YORK City chairman Jason McGill could look to sell his 75 per cent shareholding in the club if there is a “No” vote at Thursday’s Supporters Trust special general meeting.

Trust members will be balloted at Millthorpe School next week to decide whether the fans’ body should hand over their 25 per cent stake in the Minstermen to McGill’s JM Packaging company under the Golden Share proposal.

McGill has also added that a “No” result will mean he would stop covering losses at Bootham Crescent, requiring the club to operate on a “break-even basis” unless additional funding is acquired either from the Trust or any potential new owner.

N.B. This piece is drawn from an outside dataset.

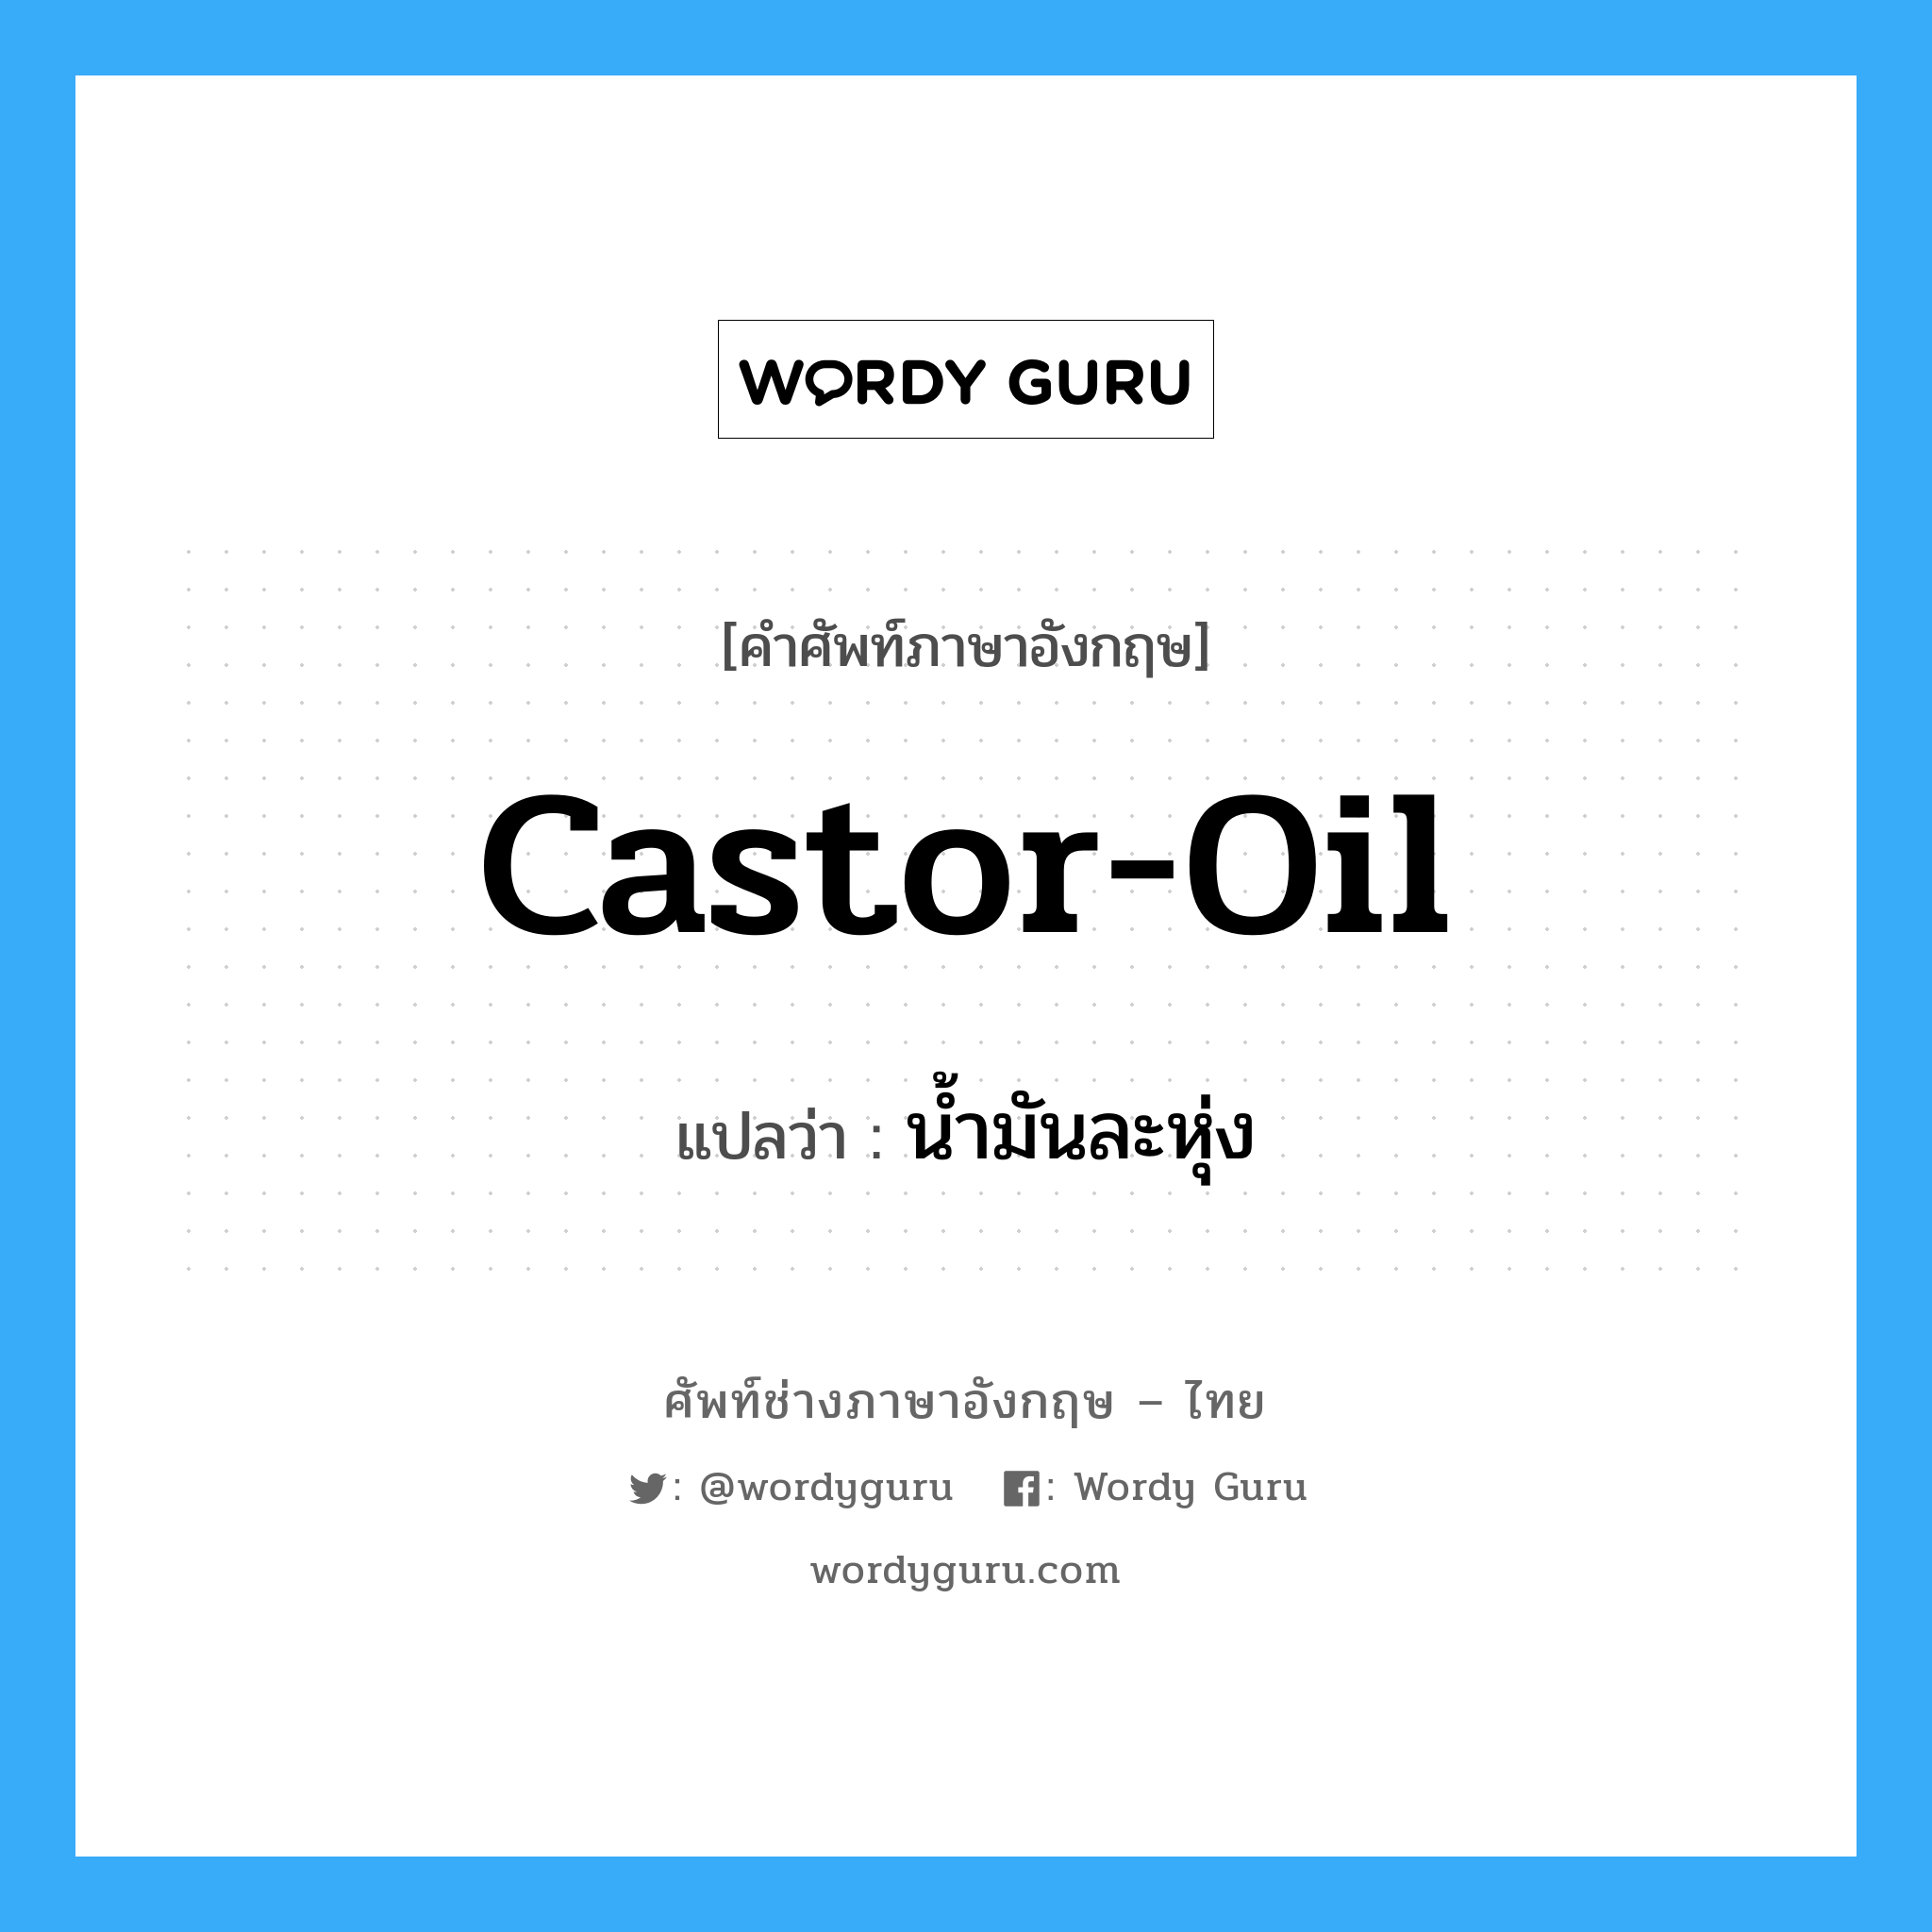 castor-oil แปลว่า?, คำศัพท์ช่างภาษาอังกฤษ - ไทย castor-oil คำศัพท์ภาษาอังกฤษ castor-oil แปลว่า น้ำมันละหุ่ง

In the even of a “Yes” vote, though, McGill would continue to support the club financially until the move to the new stadium and would be “highly likely” to do so “in the short term” following relocation to Monks Cross.

As part of an online question-and-answer session, organised by the Trust that elicited 45 queries, McGill outlined the implications of “Yes” and “No” results from his perspective, saying: “A ‘Yes’ vote would, in effect, send a vote of confidence to me, indicating that, although things have in recent seasons been poor on the pitch, the Trust membership recognise the club is financially stable at present and appreciate the work undertaken in numerous other areas, such as investment in facilities, the academy, the Foundation and for helping to secure a new Stadium some 16 years after Douglas Craig, Barry Swallow and Coin Webb threatened to close the club down. This would give me the encouragement to commit further time, effort and finances to take the club into the new stadium.

“I am aware that funding is likely to be needed in the short term at the new stadium and, if the supporters indicate a willingness for me to continue my involvement with a ‘Yes’ vote, then it is highly likely that I would continue to provide short-term funding to allow the club to flourish in the new Stadium.

“A ‘No’ vote would tell me that the Trust membership does not agree with the direction and leadership of the club and that they consider changes are needed. I do not believe that in these circumstances JM Packaging should continue to fund the club and could potentially subsequently sell the 75 per cent shareholding if a willing purchaser was identified and who accepted the Trust’s 25 per cent shareholding, although the amount payable would include the share purchase together with monies owed at the time of sale.”

On the immediate consequences of a ‘No’ vote, with one season left to play at Bootham Crescent before the proposed move, McGill added: “The club would need to be operated on a break-even basis. Unless additional sources of funding could be identified, it is perhaps inevitable that this would require the club to make substantial cuts both on and off the field and would be unable to retain its Football League infrastructure.

“It is highly likely that the cuts required to the playing budget would result in the club only being able to operate on a part-time basis. Trust Members will, therefore, need to carefully consider, when reviewing their options, the immense difficulties associated with attempting to manage a club on a break-even basis.

“Cash flow requirements for any business inevitably arise at certain times of the year although the club will presumably not be in a position to obtain short-term funding to smooth out any anticipated peaks and troughs in this respect which will therefore necessitate extremely prudent budgeting. There will also inevitably be a major potential cash impact upon the club in connection with any strategic decisions that may be made by those responsible for the 2018-19 budgets in relation to any termination payments that will be necessary if maintaining the existing infrastructure is not possible.”